Amphan Diaries, 2nd June

Residents of Kachua panchayat in Basirhat II have resorted to street protests because of not getting access to electricity, even 10-12 days after the cyclone. They have, reportedly met the high monetary demands (Rs 200-500 per person) of the workers with government tender amidst difficulties because of the lockdown and still not get the services and that is understood to be the cause of their anger.

1) Residents of Kachua panchayat in Basirhat II have resorted to street protests because of not getting access to electricity, even 10-12 days after the cyclone.
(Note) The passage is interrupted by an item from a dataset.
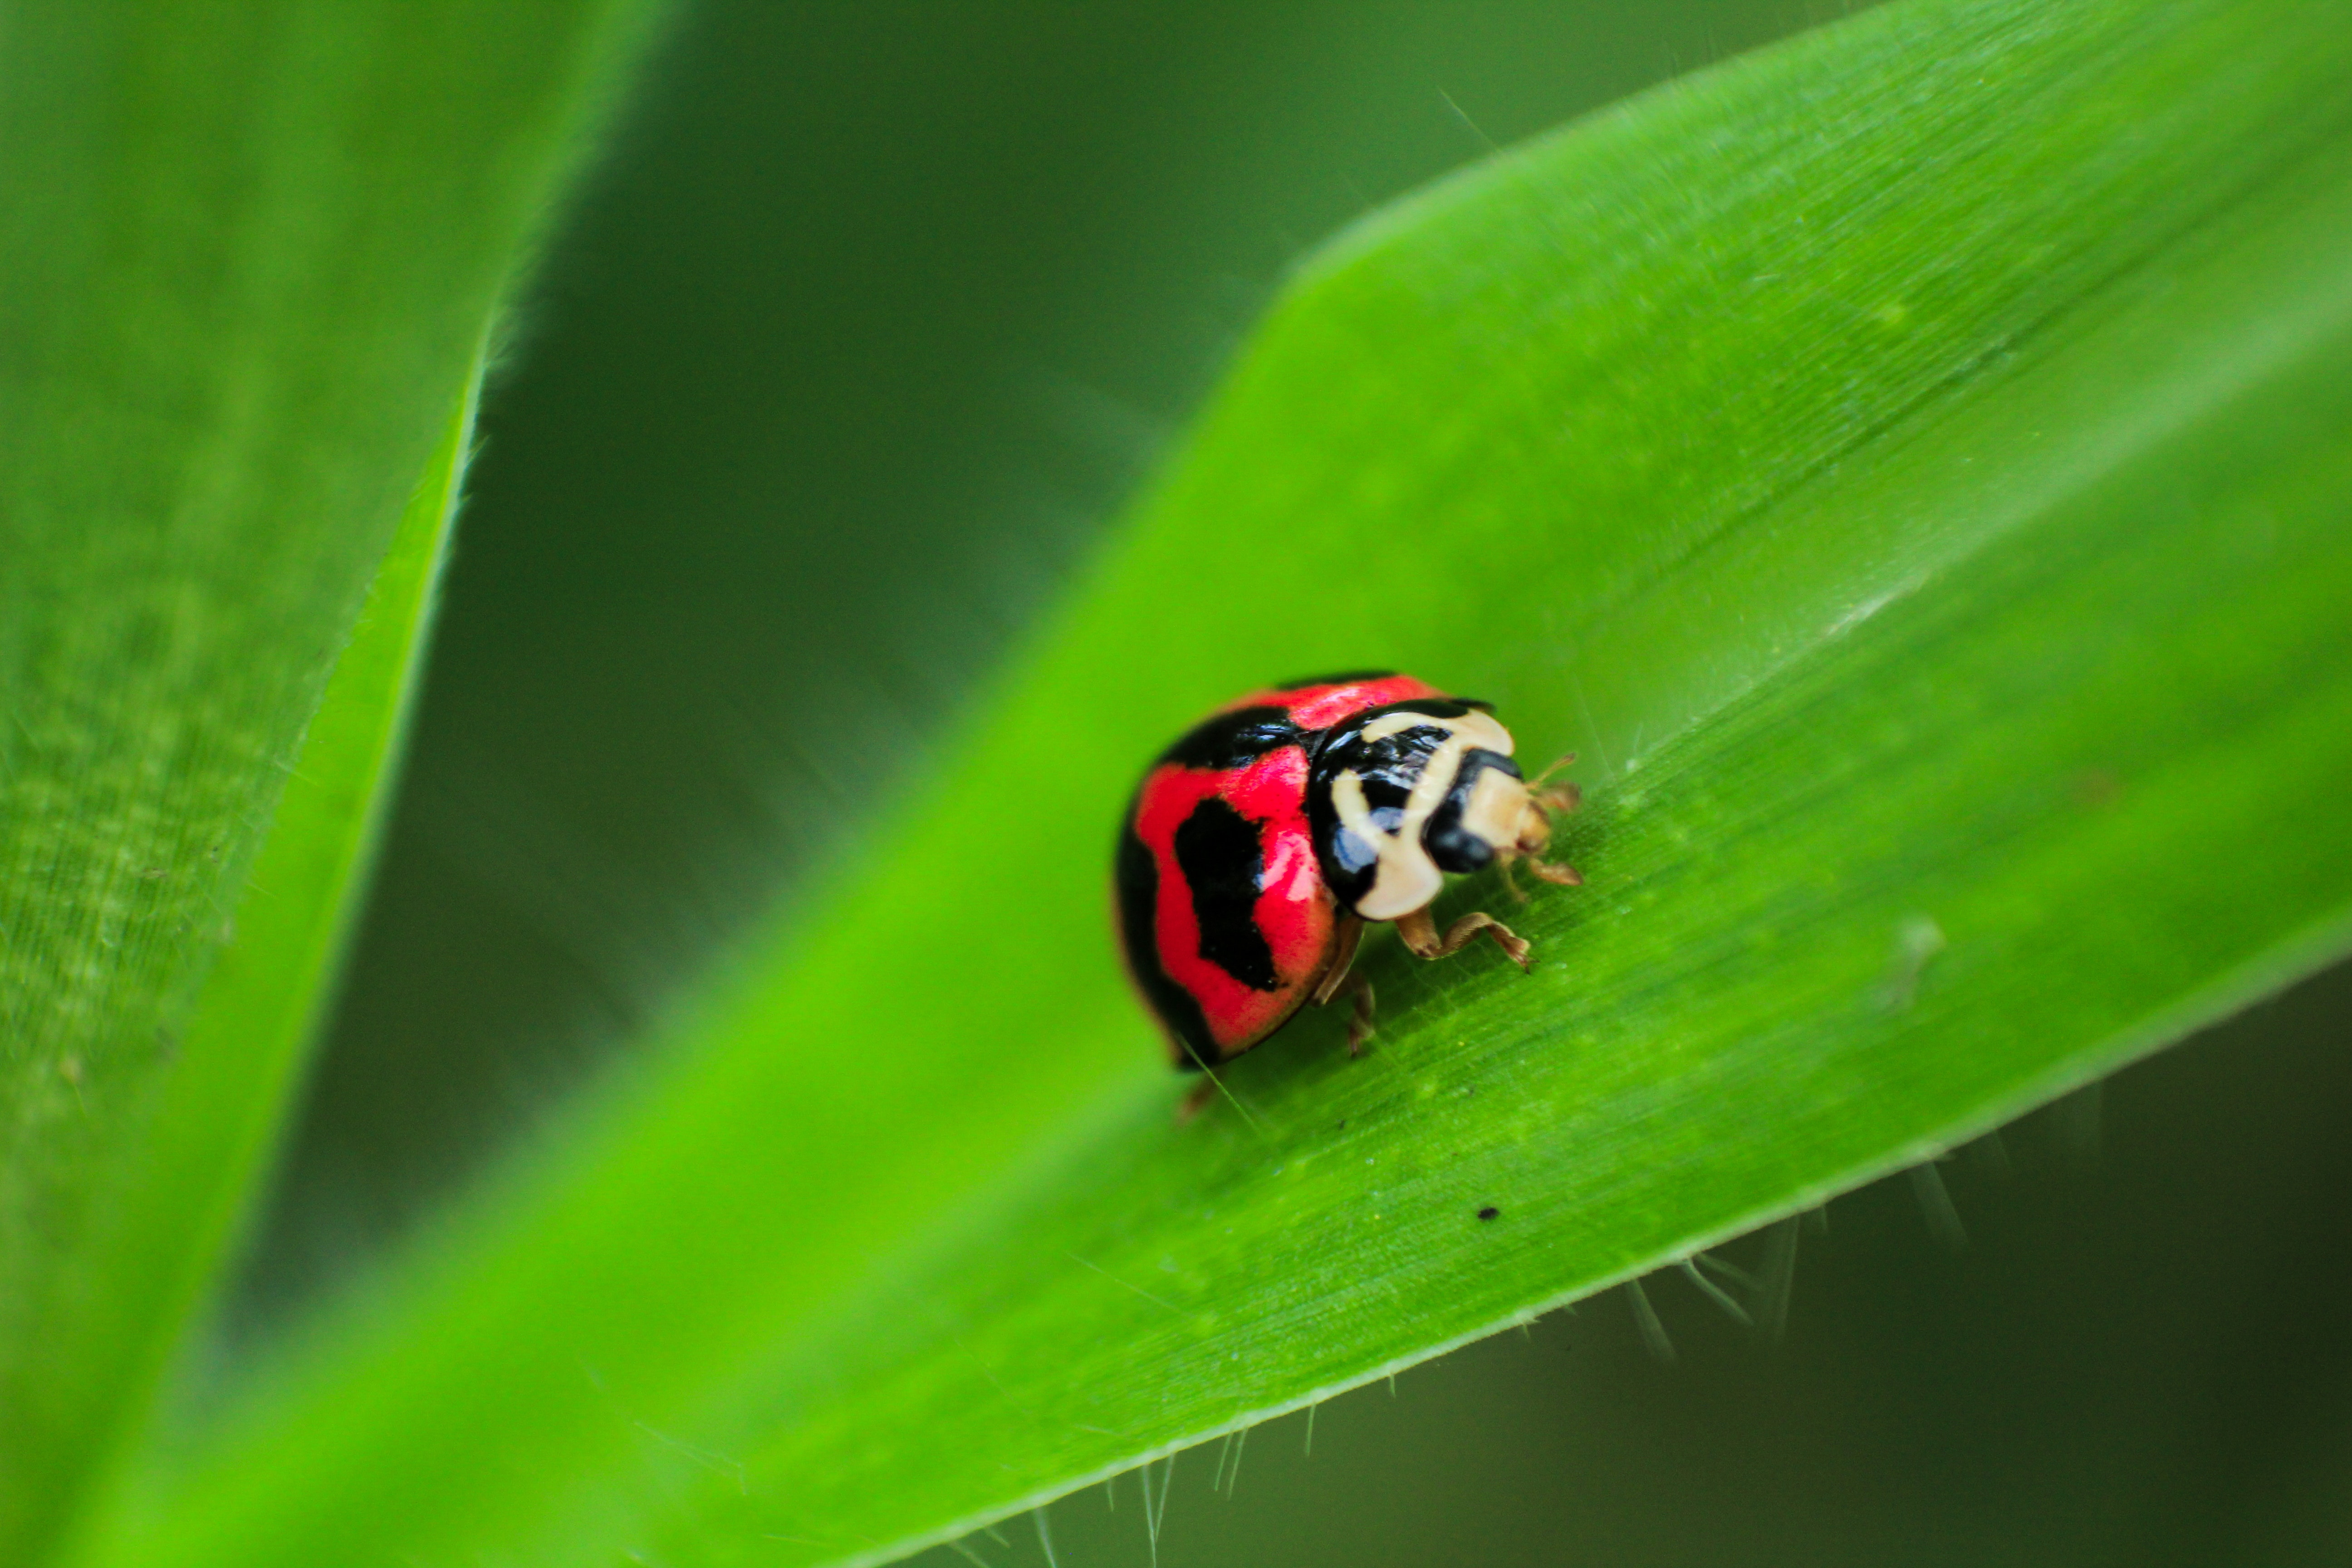 Black and Red Ladybug on Green Leaf, Beetle, Leaf, Summer, Red, HQ Photo

They have, reportedly met the high monetary demands (Rs 200-500 per person) of the workers with government tender amidst difficulties because of the lockdown and still not get the services and that is understood to be the cause of their anger.
“The people are angry because despite their monetary problems, they paid the money to have their electricity restored but they haven’t still received it.
Rabindranath Biswas, a social worker from Seth Bagan Mahila Sangha (SBMS)- a community-based organisation (CBO), reports. Similar incidents have been reported in two other blocks- Bonga and Basirhat I as well. Earlier on Sunday, the residents of Bibipur-Begumpur panchayat collected money amongst themselves and had 10-12 electric poles fixed by a guy they contacted for the job.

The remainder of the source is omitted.